Tatiana Gutierrez &
Madison Riehle
Divorce is an unpleasant situation for anyone involved, and children experience additional stress as they try to balance their lives between two households of their separate parents.
“Children may feel less secure about life, and their ability to have a stable life,” Dr. Joan Cloutier, who practices psychiatry, said.
“They can feel a loss of stability and control over the way their life is going. A loss of security is hard for children.”
Approximately 1.5 million children are affected by divorce in the United States and 40 to 50 percent of marriages will end in divorce this coming year, with that number increasing to about 60 percent for second marriages, according to Scientific American.
“Although it’s hard to cope with, it’s better because my parents are happier than they were before,” junior Amanda Mah said about her parents divorce.
The period between separation and divorce is usually a moving period, both physically and psychologically, as family members try to figure out living situations and financial resources, according to Cloutier.
“Change at home for the children may not be positive,” Cloutier said. “They may have a downgrade in their lifestyle or might not have the resources the family had when they were together.”
Children can also experience tension in the home before the legal divorce, which can result in feeling a loss of security early on in the divorce process.
“Parents who are arguing may stay away from home,” Cloutier said. “Children feel the loss of the parent before the divorce and it is something they can’t control.”
Feeling a loss of security is common among children and some can face problems coping with the family’s new dynamic.
“Even though it was hard, I think it’s actually made me closer with both of them because I spend individual time with them,” Mah said.
The divorce process generally takes about a year once the parties have started court proceedings, according to Vanessa Hierbaum, a legal partner at Kaye-Moser-Hierbaum LLP.
“Divorce is a very prolonged event,” Cloutier said. “It’s hard for children to understand what is going on. Everybody involved suffers some grief, children may feel rage and that they are not loved.”
Custody is determined by the judge, who prioritizes what is the best situation for the child or children, based on life situation such as status quo and location of the parents’ homes, according to Hierbaum.
“Both parents are entitled to frequent and continuing contact,” Hierbaum said. “The court makes sure whatever arrangement there is — even if one parent is awarded primary custody — there is always frequent and continuing contact between the other parent and the children, unless perhaps if there is substance abuse or physical abuse by the other parent.”
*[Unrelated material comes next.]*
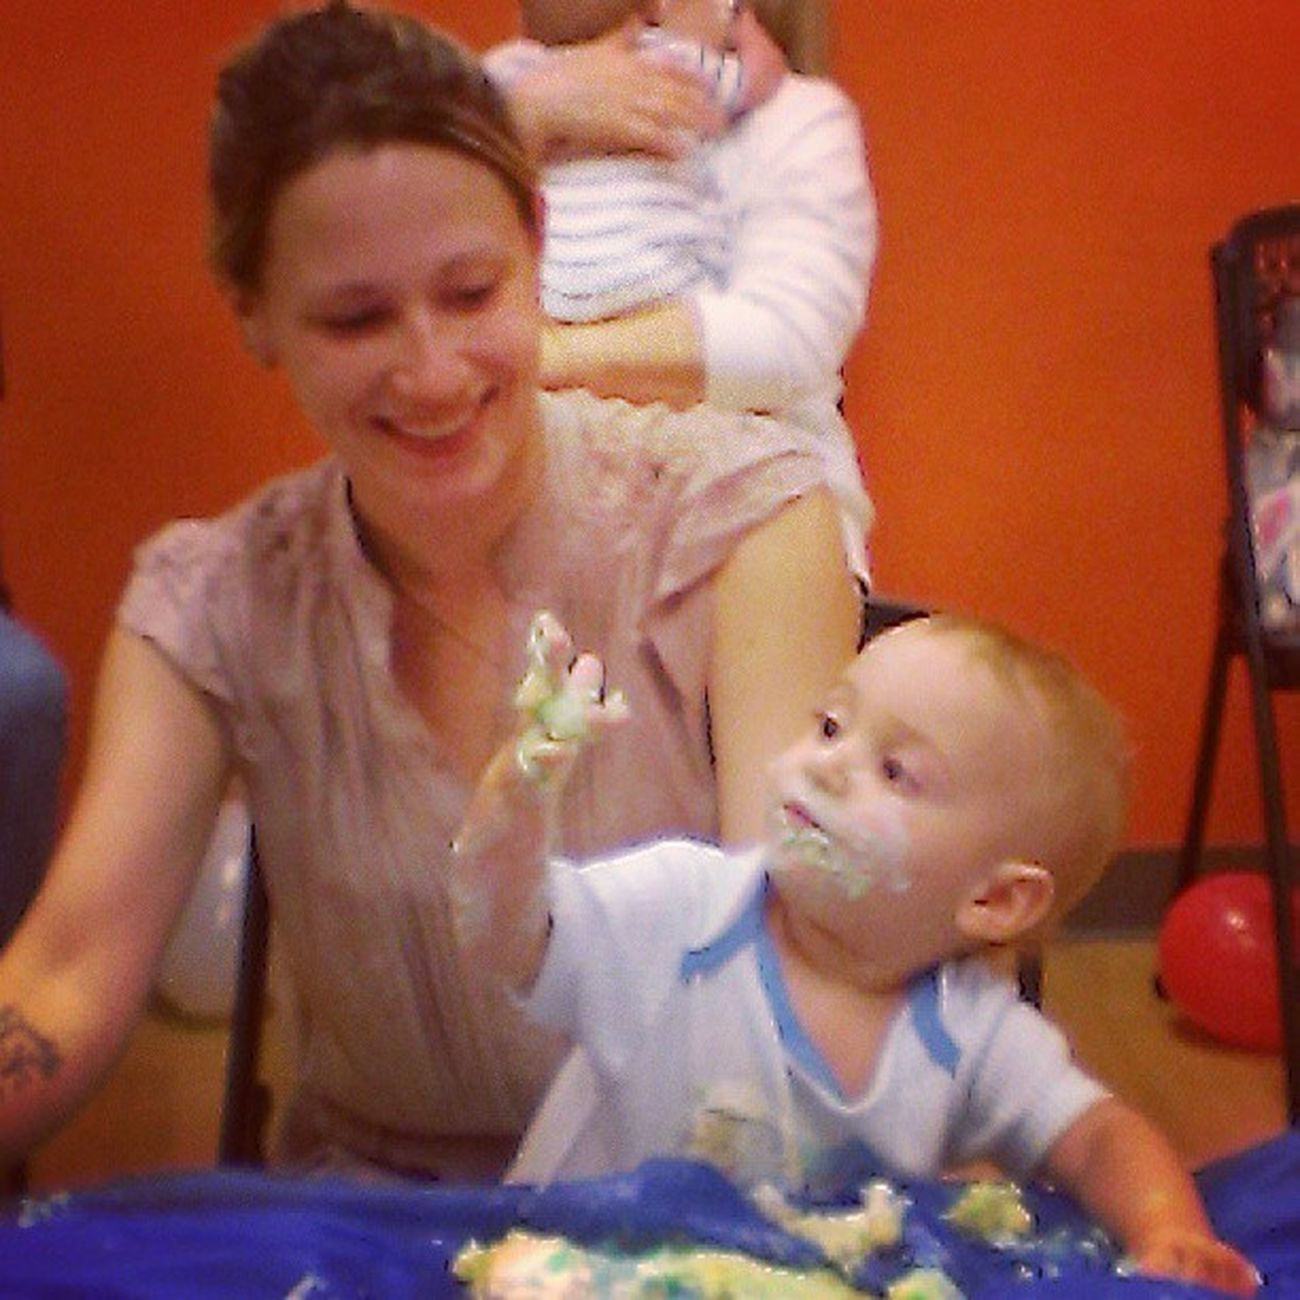 Yaayyy Cake Birthday Boy love @daniellefrank3

If both parents are deemed unfit, the court may grant a relative custody of the child, or the child could enter the foster care system, according to Cloutier.
A new law allows children over the age of 14 eligible to testify in court, as the court determines the best living situation, according to Hierbaum.
“During the settlement process, the most emotionally difficult aspect for the parents is children,” Hierbaum said. “The most controversial part is spousal support.”
Children who lose the stability of their parents during an unstable living situation are likely to express anger or disappointment at their parents for neglecting them, according to Cloutier.
“My parents separated when I was 10,” Mah said. “At first, I was devastated and didn’t understand, but as I got older it didn’t affect me and I grew as an individual.”